You call the fire department and the firefighters arrive, setting up the hoses and readies to put out the fire.
Just then, the detectives who arrives at the scene, stops the firefighters from putting out the fire.
“Let us put out the fire before it spreads“, the firefighters pleaded.
“Hold your horses, no one is putting out any fire till we investigate and find out who set the fire!“, rebutted the detectives.
“But the hold house is going to burn down and the neighbouring houses are starting to smother“, you quipped.
“Well, burn down if it has to, we are going to get to the bottom of this all. The Who, What, When, Where, Why, How of this case!“, stated the detectives in a matter-of-factly manner.
It would be a disaster if this happens in real life. In real life, the police control the crowd to prevent looting or owners and bystanders from risking their lives while the firefighters do their job in putting out the fire. If not, it would be a disaster.

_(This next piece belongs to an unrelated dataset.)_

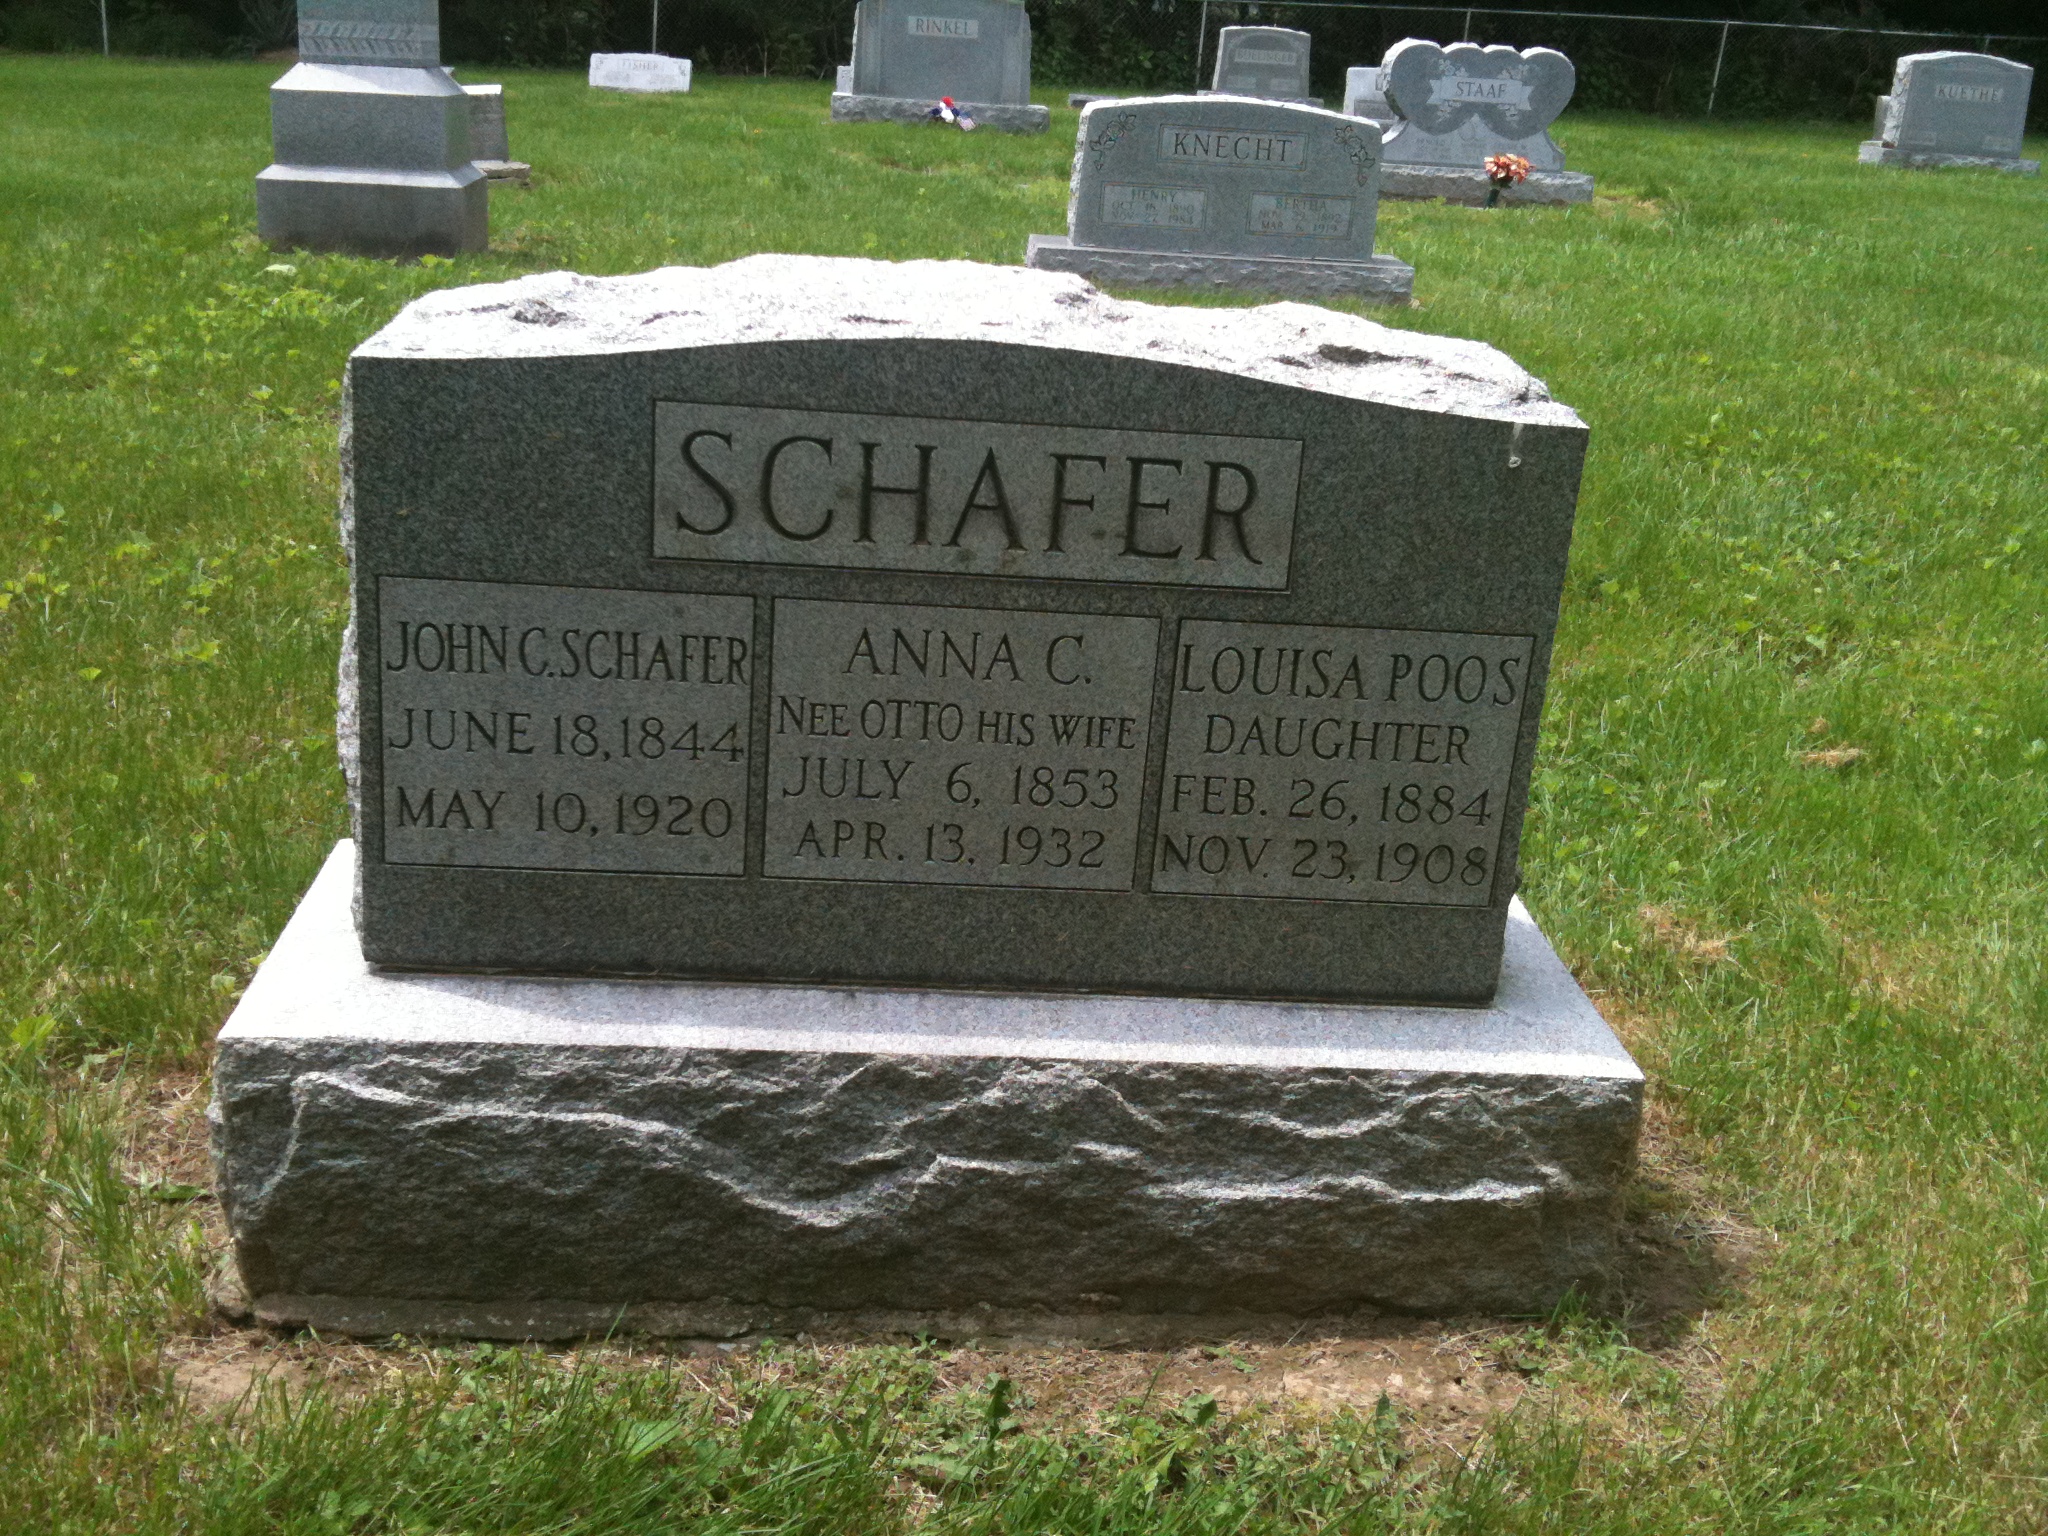 John C. Schafer, Anna C. Schafer nee Otto, and Louisa Poos nee SchaferHeadstone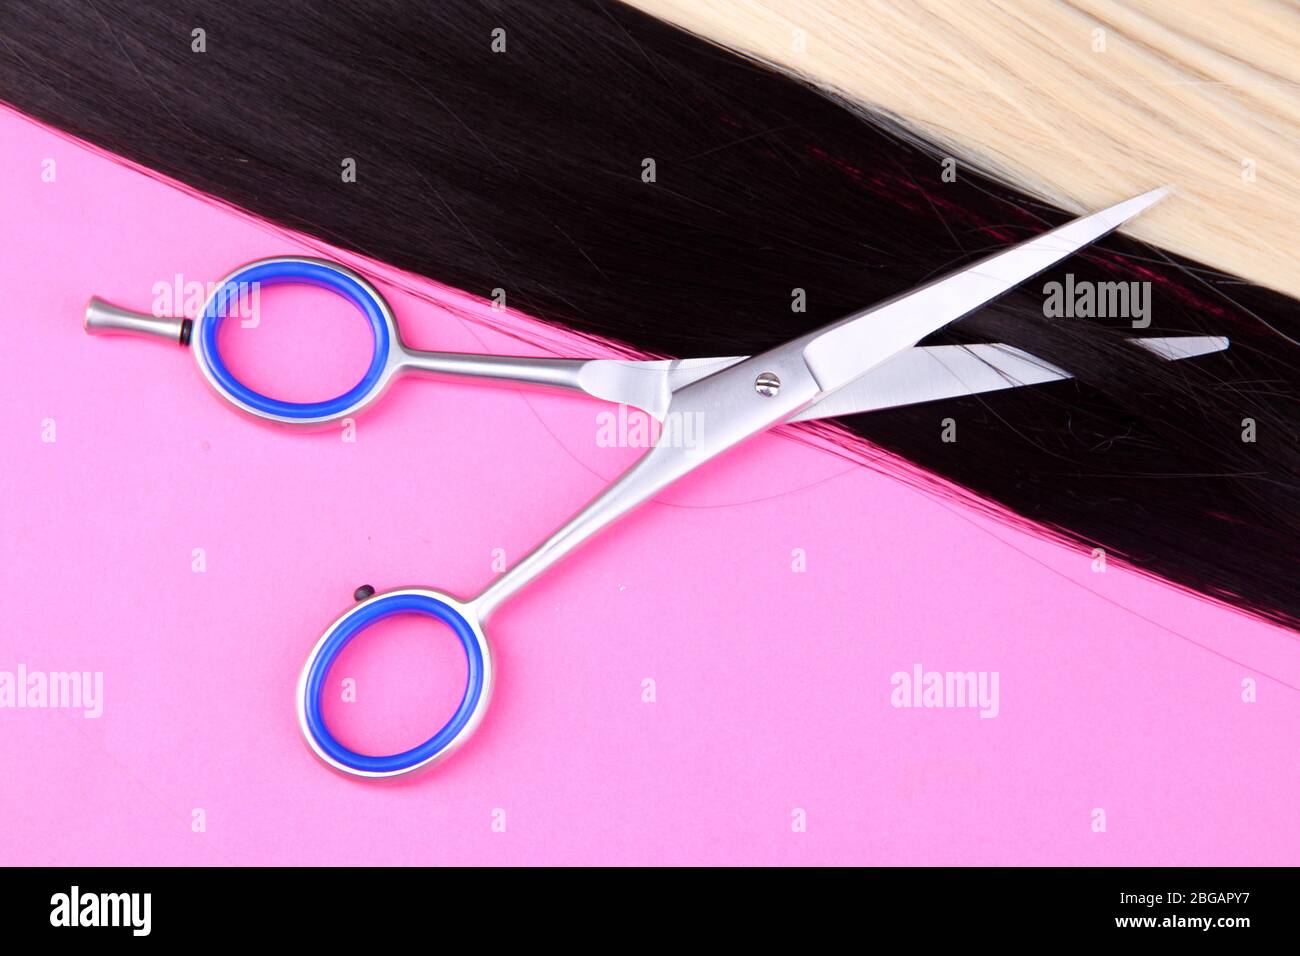 Lunghi capelli neri e biondi con forbici su fondo rosa Foto Stock

But what about us? What happens when we are ‘burning’ with rage? Seething with anger? Torching green with jealousy? We tend to not put out our ‘fire’ in our mind and heart. Sometimes we even invite others to come and inspect the fire, burning them with a mark of communal anger. Other times, when others try to calm us down or talk some sense into us, we find more evidence to be angry, we put more fuel into our inner flame.
I am right, he is wrong! That’s why I am angry!! Stop trying to defending him, can’t you see that he is the one at fault?
When we relook at the statement, it becomes really queer. It is as though the person who is “right”, should be angry, should be upset. But why should the person who is right have to suffer the consequences of anger? We need to remind ourselves, “If we are right and
they are wrong, we should be happy”. Or at least not angry. If we can manage it, have compassion for those who are wrong.
If we find that we have anger or other negative emotions, we should learn to put out the fire first before trying to play detectives and find out “Who, What, When, Where, Why, and How”.
Remember, “Put out the fire first!“.
In Cula-Malunkyovada Sutta “The shorter instructions to Malunkya”, when Ven. Malunkyaputta threatens to disrobe if he is not given an answer to a series of questions unconnected to the holy life, the Buddha gives a parable of a man, who while wounded with an arrow thickly smeared with poison, refuses treatment until the Who, What, When, Where, Why and Hows of the poison arrow is known.